//Get canny mat
Mat frame, framegray, detectededges, dummyimg, cannyedges;
cvtColor(frame, framegray, CV_BGR2GRAY);
blur(framegray, detectededges, Size(3,3));
double otsu_thresh_val = cv::threshold(detectededges, dummyimg,0, 255, CV_THRESH_BINARY | CV_THRESH_OTSU);
cv::Canny( detectededges, cannyedges, otsu_thresh_val*0.5, otsu_thresh_val );
//
Scalar color(255,255,0,255);
//Find contours
vector<vector<Point>> contours;
vector<Vec4i> hierarchy;
findContours(cannyedges,contours,hierarchy,CV_RETR_CCOMP,CV_CHAIN_APPROX_SIMPLE);
double contourlength = arcLength(contours[idx], false);
vector<Vec4f> vectorofbestfits;
//Find dotted lines
for (vector<Point> contour : contours){
//Some filtering
if ((contourlength > 70.0) && (contours[idx].size() > 5)){
Vec4f bestfitline;
fitLine(contour, bestfitline,CV_DIST_L2,0,0.01,0.01);
vectorofbestfits.push_back(bestfitline);
}
}
float mtol = 0.05;
for (Vec4f veci : vectorofbestfits){
float mi = veci[1]/veci[0];
for (Vec4f vecj : vectorofbestfits){
float mj = vecj[1]/vecj[0];
double length = cv::norm(Mat(Point(veci[2],veci[3])),Mat(Point(vecj[2],vecj[3])));
if (length < 30){
continue;
}
float mk = (veci[3]-vecj[3])/(veci[2]-vecj[2]);
mi = abs(mi);
mj = abs(mj);
mk = abs(mk);
float mij = abs(mi - mj);
float mjk = abs(mj - mk);
float mki = abs(mk - mi);
if ((mij < mtol) && (mjk < mtol) && (mki < mtol)){
line(frame,Point(veci[2],veci[3]),Point(vecj[2],vecj[3]),color,2);
}
}
}
方法是: 1)为轮廓创建一组最佳拟合线 2)逐步通过数组得到线的斜率 3)再次逐行通过阵列和每隔一行的斜率 4)计算由两个直线中心产生的直线的斜率 5)将所有3个斜率相互比较,并使用公差值
进行过滤下面的代码会从我的图片中生成大量的线条,但是没有一条线条出现明显的虚线。

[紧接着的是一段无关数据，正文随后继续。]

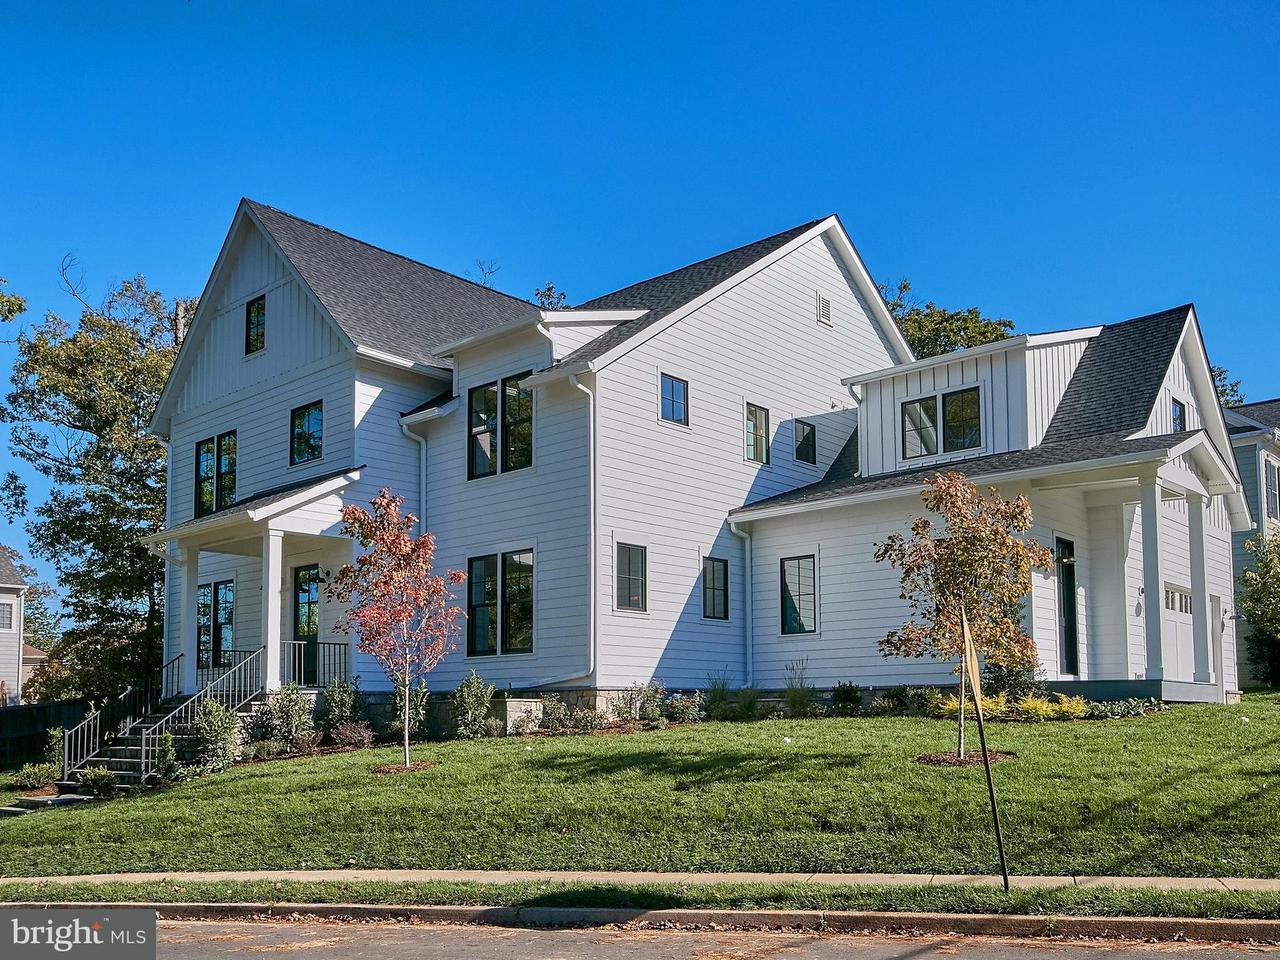 Single Family Home for Sale at 3313 JOHN MARSHALL Drive 3313 JOHN MARSHALL Drive Arlington, Virginia 22207 United States

我在想斜坡计算有些不对劲。现在它是如此无效我需要创建一些图像和测试而不是使用真实世界的图形。什么跳出来?
此外,下面的代码计算量很大,应用程序用于视频解释和帧率是至关重要的,因此任何提高性能的建议都会受到赞赏。
寻找像这样的比赛: image
编辑:
这是一些更清晰的代码。我也意识到在获得差异之前获取斜率的绝对值是没有任何意义的,只是创建一堆更符合的偶然轮廓。我需要再玩一些,看看是否有帮助:
//Get canny mat
Mat frame, framegray, detectededges, dummyimg, cannyedges;
cvtColor(frame, framegray, CV_BGR2GRAY);
blur(framegray, detectededges, Size(3,3));
double otsu_thresh_val = cv::threshold(detectededges, dummyimg,0, 255,
CV_THRESH_BINARY | CV_THRESH_OTSU);
cv::Canny( detectededges, cannyedges, otsu_thresh_val*0.5, otsu_thresh_val );
//Set color for Lines
Scalar color(255,255,0,255);
//Find contours
vector<vector<Point>> contours;
vector<Vec4i> hierarchy;
findContours(cannyedges,contours,hierarchy,CV_RETR_CCOMP,CV_CHAIN_APPROX_SIMPLE);
double contourlength = arcLength(contours[idx], false);
vector<Vec4f> arrayofbestfits;
//Create an array of best fit Lines
for (vector<Point> contour : contours){
//Filter out contours that are too small
if ((contourlength > 70.0) && (contours[idx].size() > 5)){
Vec4f bestfitLine;
fitLine(contour, bestfitLine,CV_DIST_L2,0,0.01,0.01);
arrayofbestfits.push_back(bestfitLine);
}
}
float SlopeTolerance = 0.05;
for (Vec4f firstIterationLine : arrayofbestfits){
float firstIterationSlope = firstIterationLine[1]/firstIterationLine[0];
for (Vec4f secondIterationLine : arrayofbestfits){
//Filter out Lines too close in proxmity
double length = cv::norm(Mat(Point(firstIterationLine[2],firstIterationLine[3])),
Mat(Point(secondIterationLine[2],secondIterationLine[3])));
if (length < 30){
continue;
}
//Find slope between two points
float commonSlope = (firstIterationLine[3]-secondIterationLine[3])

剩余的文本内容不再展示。